The figure struck me down, pinning me, eyes glowing like cold light, unflinching
"You destabilize systems," it said calmly.
"I don't even know what's happening," I gasped, breath trembling.
"Correction," what happened to you, it replied
"What am I?" I whispered, my voice trembling, barely louder than my heartbeat. The words felt strange in my own mouth, a confession I hadn't realized I needed to speak.
"Unresolved," the figure said, calm, almost indifferent, its glowing eyes fixed on me as if cataloging the results of an experiment.

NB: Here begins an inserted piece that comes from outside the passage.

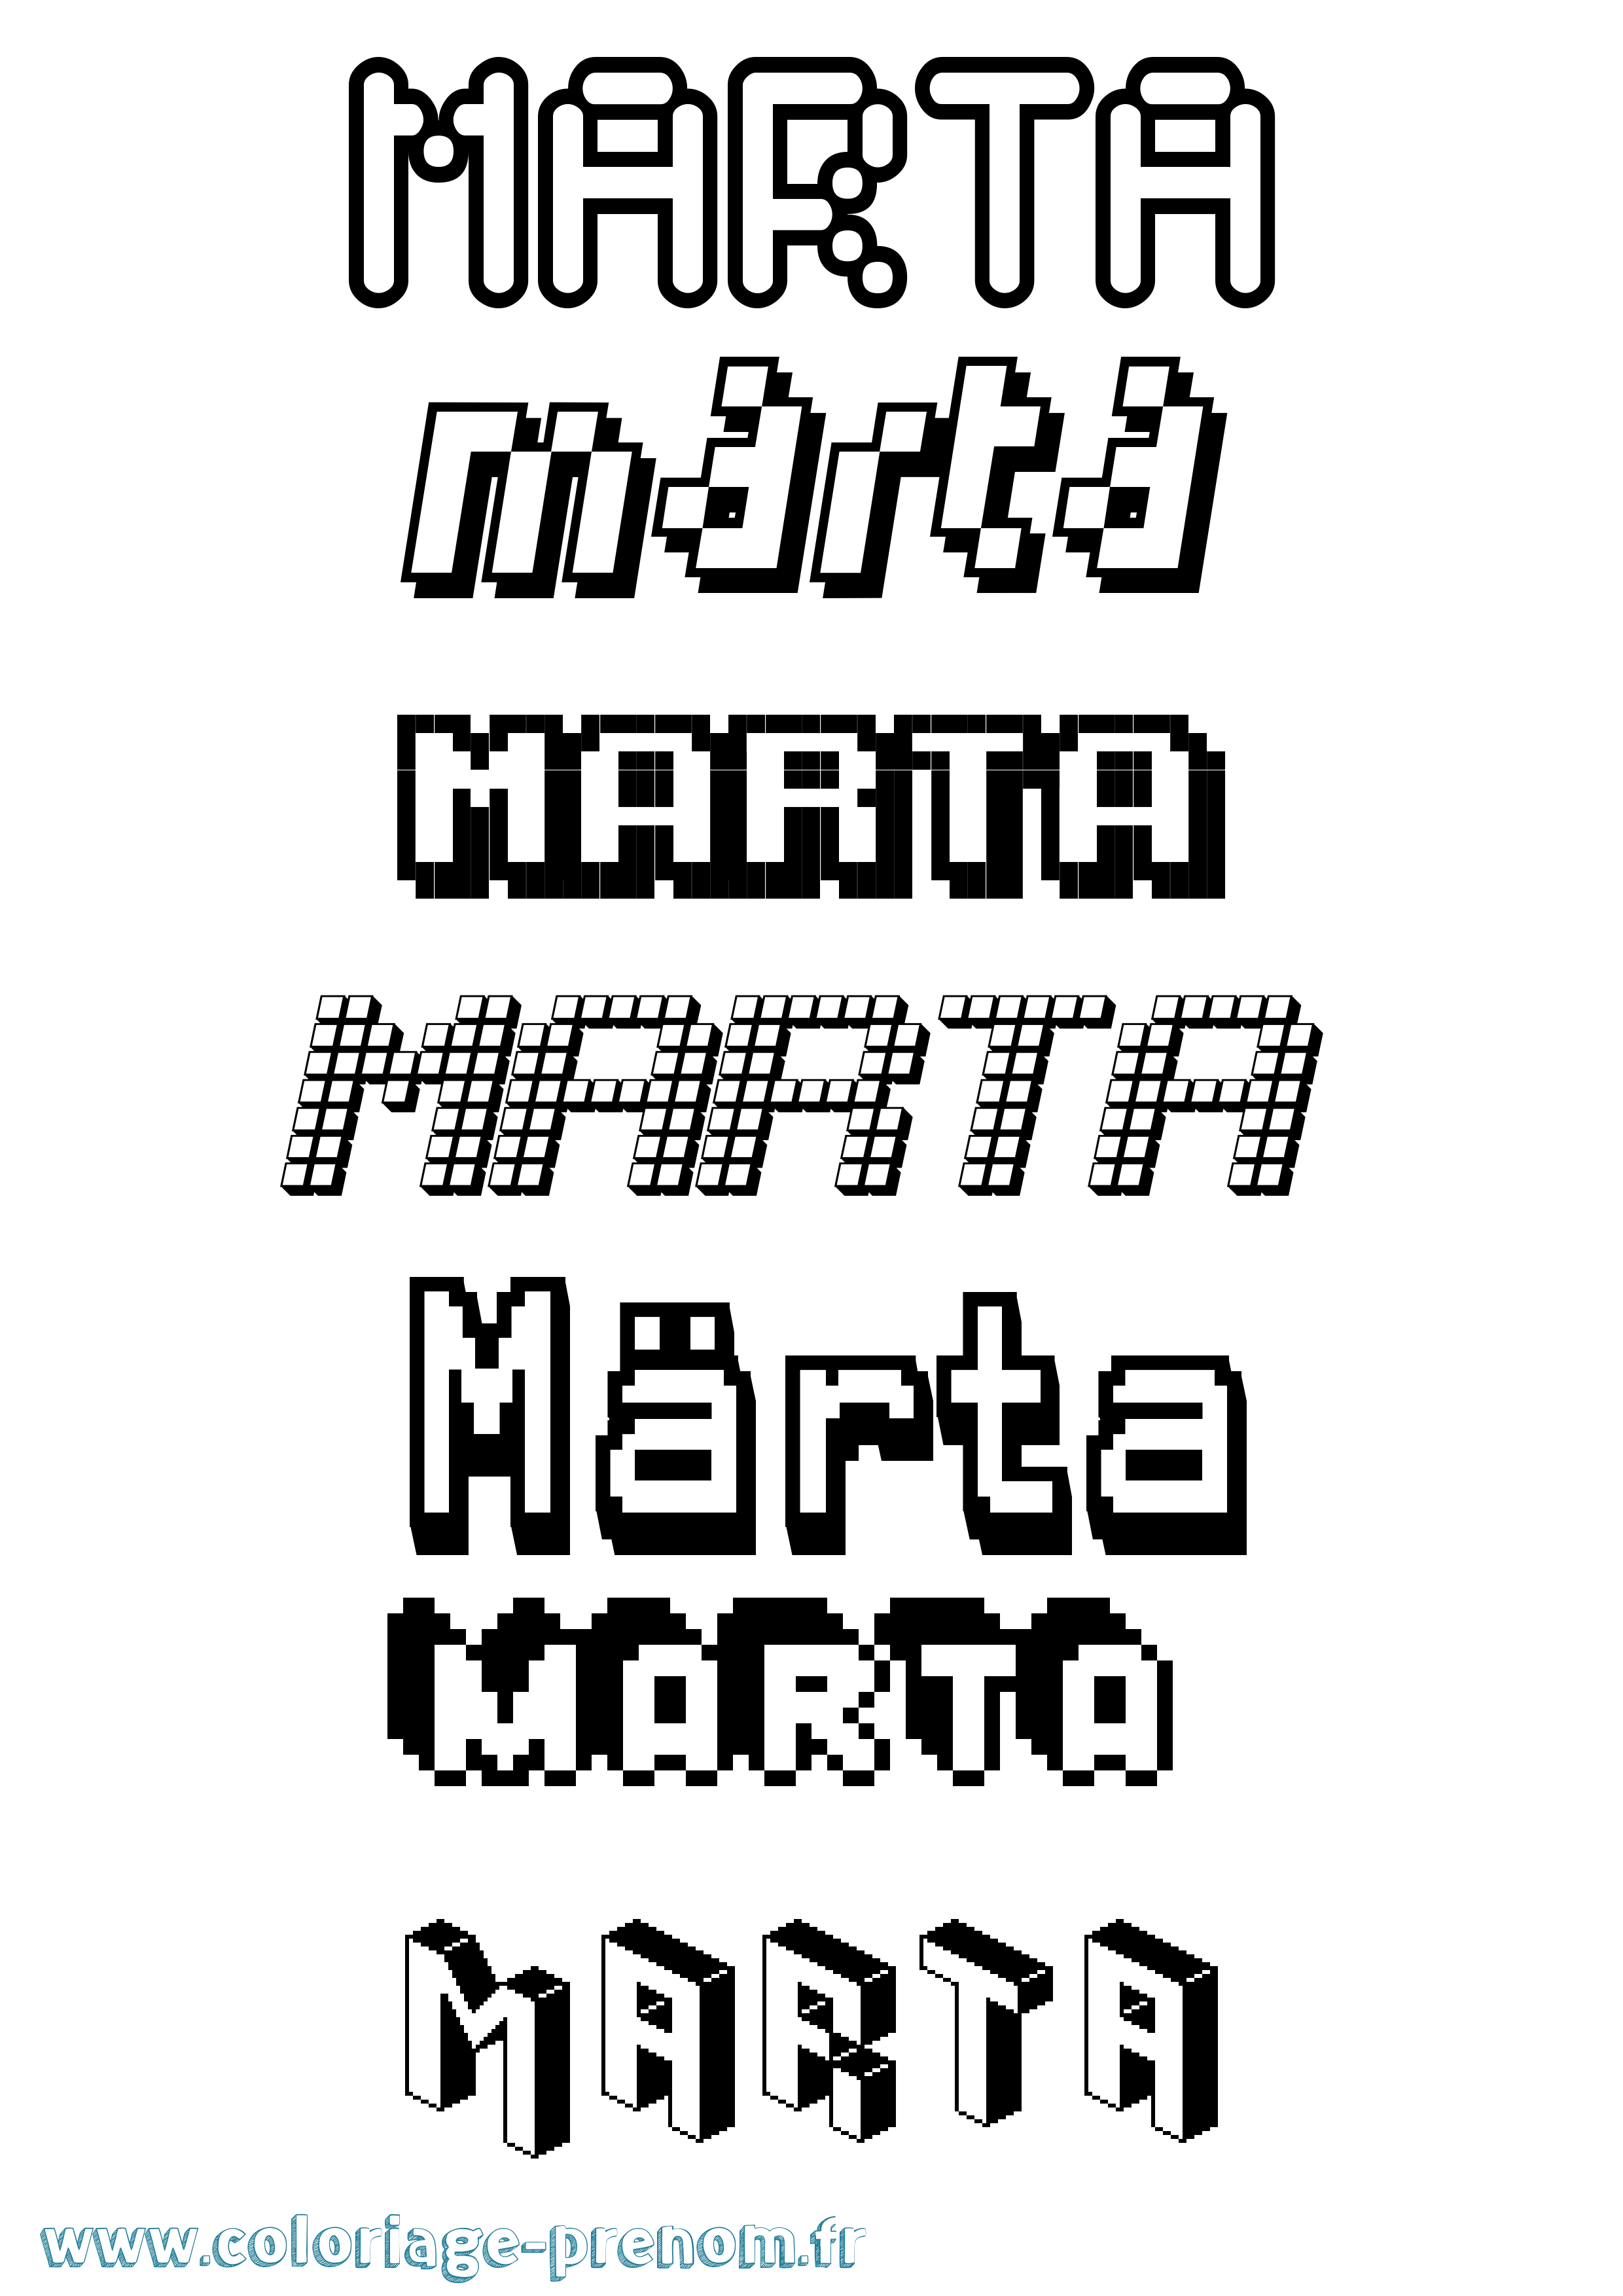 Coloriage prénom Märta Pixel

Its arm lifted for the final strike. I felt it then, not fear, but finality, the crushing certainty that nothing left could resist it. The strike descended and something inside me ruptured, a pressure built from the spike detonating outward, resonating through every fiber of my being. Light tore through the corridor, metal groaning and bending, gravity faltering, systems screaming as circuitry overloaded. The blast hurled the figure backward, a pulse of raw energy surging through the space.
Another pulse followed, stronger, uncontrolled, ripping through the structure like a violent heartbeat. The walls groaned, glass cracked, overhead lights flickered in jagged staccato. Then it stopped. Energy collapsed inward, leaving smoke and flickering emergency lights.
The figure stood at a distance, assessing, calm.
"You are unstable," it said.
"You keep saying that, what does that mean?"
"You will learn."
Then it stepped backward into distortion and vanished.
Silence swallowed the corridor.
I collapsed onto my knees, my chest heaving, muscles trembling, hollow and raw from the inside. I didn't understand what had happened, the snapping, the displacement, the violent forces erupting through me. Whatever had just saved me had also nearly torn me apart.
Whatever resonance it was, it had drained me entirely, yet it had given me something I desperately needed, a brief moment to breathe.
I stayed there for several seconds, forcing my breathing to slow while echoes of the fight faded into silence. The realization settled in. What had just happened was not an accident, not a coincidence, it was deliberate, connected to the changes that began the night the crystal entered my life.
If someone out there already knew about it, then the next encounter might not be a test.
It meant something far worse. This wasn't random, I wasn't random, someone had just confirmed that.